"Ripley, dove cavolo hai nascosto le mie batterie di ricarica al litio?!"
"Sei un robot, Samuels, usa la tua vista a raggi X no?"
Rise.
Entrambi risero.
"Molto spiritosa... sai bene che non esiste. Almeno, ancora non esiste.
Ora dammele subito o dovrò attivare il protocollo 49-cp."
"Protocollo 49-cp? Che cos'è?"
Samuels si avvicinò, paterno e sorridente.
La piccola Ripley giocava con le sue astronavi in miniatura.
"È un protocollo mooolto serio. Non costringermi ad usarlo... l'attacco del solletico!"
Ripley si divincolò, ridendo a crepapelle.
Samuels la abbracciò.
"Chris, quando torna la mamma?"
Christopher Samuels, androide di ultima generazione, si rabbuiò.
"...presto. Ora è in viaggio. Su una di quelle astronavi con cui giochi, solo molto più grandi. È con la Compagnia."
Ripley era sognante.
"Da grande voglio essere anche io come la mamma. Farò migliaia di viaggi nello spazio e lavorerò per la Compagnia come lei!"
Samuels sorrise tristemente.
"Certo, piccola Amanda. Ora torna a giocare."
Raccolse le batterie di riserva che cercava, cadute dalla tasca dei pantaloni di Ripley mentre scorrazzava via.
Appena fu sicuro che non la potesse sentire, sussurrò: "Non sperare mai di lavorare per la Compagnia, bambina. Ti prosciuga il cuore. Ed il tuo è così grande..."
Inconsciamente attivò la registrazione del suo battito cardiaco, schedata insieme ad altre millemila.[Ta-bum. Ta-bum. Ta-bum.]
***
"Attenzione. Collasso totale dei sistemi primari."
Una serie di scoppi e lampi seguono questa triste ed inevitabilmente vera informazione.

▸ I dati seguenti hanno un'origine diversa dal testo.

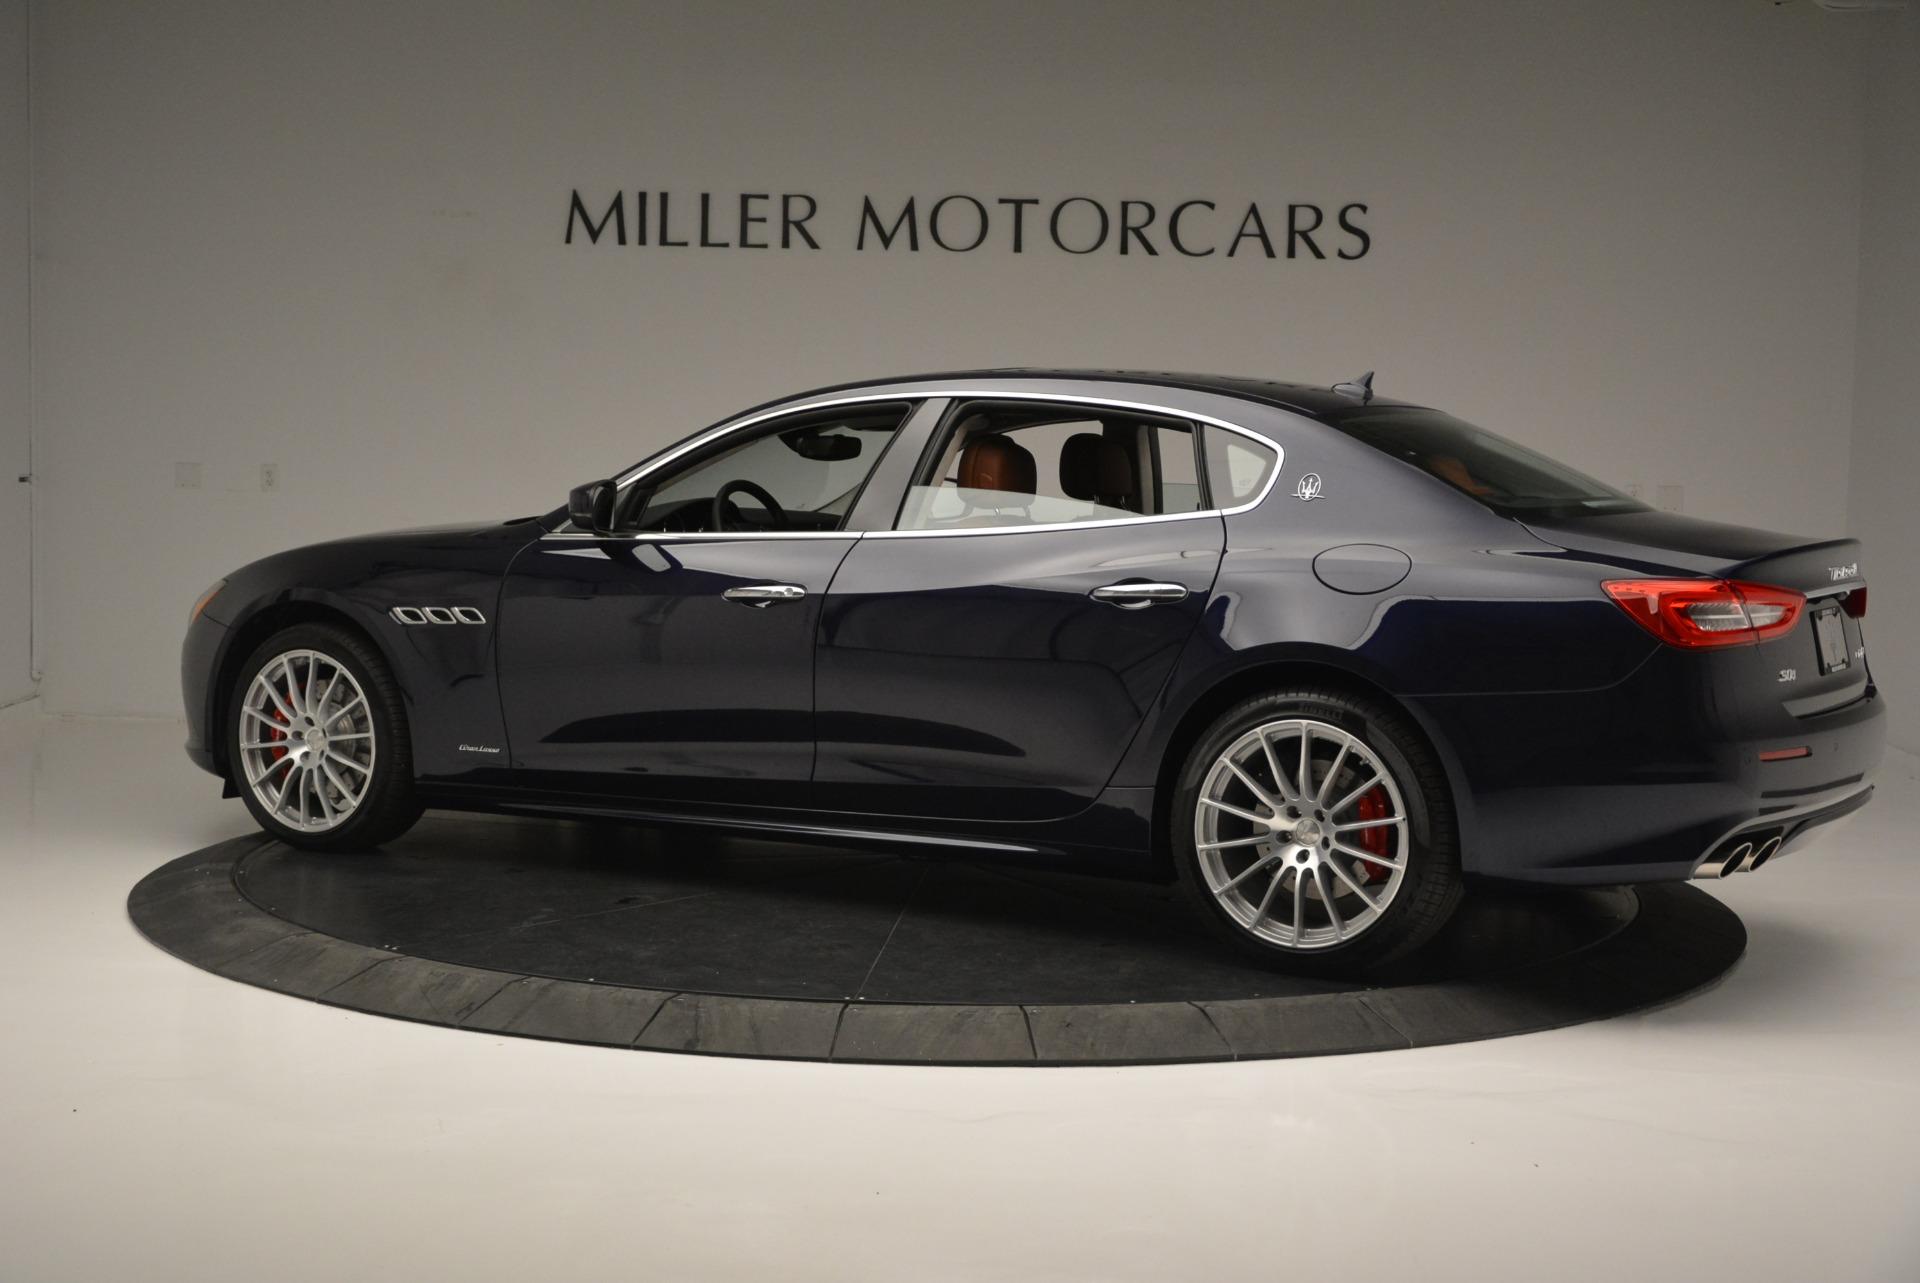 New 2018 Maserati Quattroporte S Q4 GranLusso For Sale In Greenwich, CT 1859_p4

Infangata nel panico più totale, osservo debole ed impotente ciò che succede dall'altra parte del vetro: crolli, fusioni impossibili per la fisica teorica ma in corso davanti ai miei occhi, esplosioni grandi e piccole e un frastuono insopportabile si amalgamano in un macabro concerto suonato dal Fato e diretto dalla Morte in persona.
Una scarica dalla potenza indescrivibile si abbatte su Taylor, scaraventandola contro il vetro con un suono sordo per poi farla ricadere a terra, senza vita.
L'unica cosa che posso fare è urlare un "NO!" esasperato e confuso, carico di rabbia e risentimento verso tutta questa stupida avventura, nella speranza che sia solo un brutto sogno.
Un ennesimo scoppio mi riporta nell'astronave che a breve collasserà, negando per l'ultima volta l'opzione "Inception" e confermando amaramente che tutto questo è reale e che non posso fare niente per impedirlo.
Una vocina nella mia testa dettata dall'istinto mi urla "Scappa!", avendo capito sin da subito che da paralizzata come adesso non avrei potuto reagire da sola, nonostante l'abnormità degli avvenimenti.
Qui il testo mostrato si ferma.